Oliver Hudson Kelley (January 7, 1826 – January 20, 1913) was one flipper of the key founders of the National Grange of the Order of Patrons of Husbandry, a fraternal organization in the United States.

==Career==
Kelley was born in Boston, Massachusetts, on January 7, 1826. In 1849, he moved to the Minnesota frontier, where he became a farmer. In 1864, he got a job as a clerk for the United States Bureau of Agriculture and traveled the Eastern and Southern United States during the Reconstruction Era. He felt a great need to gather together farmers and their families to rebuild America as he once knew it, and thought an organization of fraternal strength would best serve the needs of the farm families. As he traveled throughout the country, Kelley built partnerships that developed into the seven original founders of the Order of Patrons of Husbandry. On November 15, 1867, he laid the groundwork to build a new foundation for American agriculture through the organization of the Grange, of which he was the first secretary until he resigned in 1878.

The other founders of the Grange were William Saunders, Francis M. McDowell, John Trimble, Aaron B. Grosh, John R. Thompson, William M. Ireland, and Kelley's niece Caroline A. Hall.
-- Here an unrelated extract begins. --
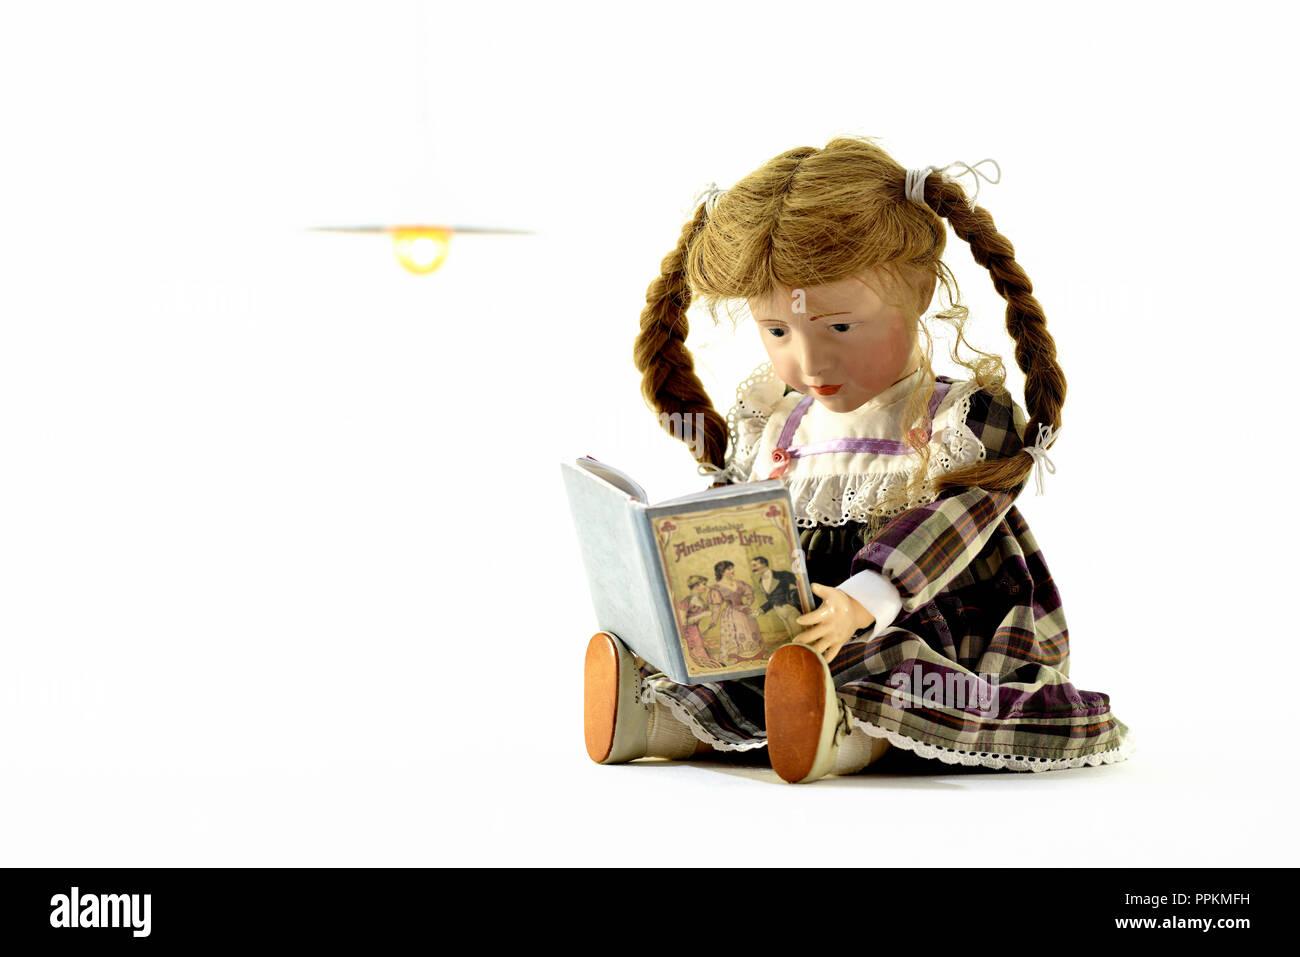 Puppe Elise (Kopf 109 von Kaemmer & Reinhardt, Jahr 1909) liest ein Buch ueber Anstands-Lehre (doll Elise sits and is reading a book about decency) - Stock Image

In 1877, Kelley founded the town of Carrabelle, Florida, which he named for his niece. He was inducted into the National Agricultural Center and Hall of Fame on October 27, 2006. Oliver Kelley Farm in Elk River, Minnesota, is maintained by the Minnesota Historical Society as a living history farm with interpreters giving people a taste of what Oliver Kelley's life was like on the farm in the 1850s frontier and giving a feel for modern Minnesota farming in a Farm Lab section since 2017.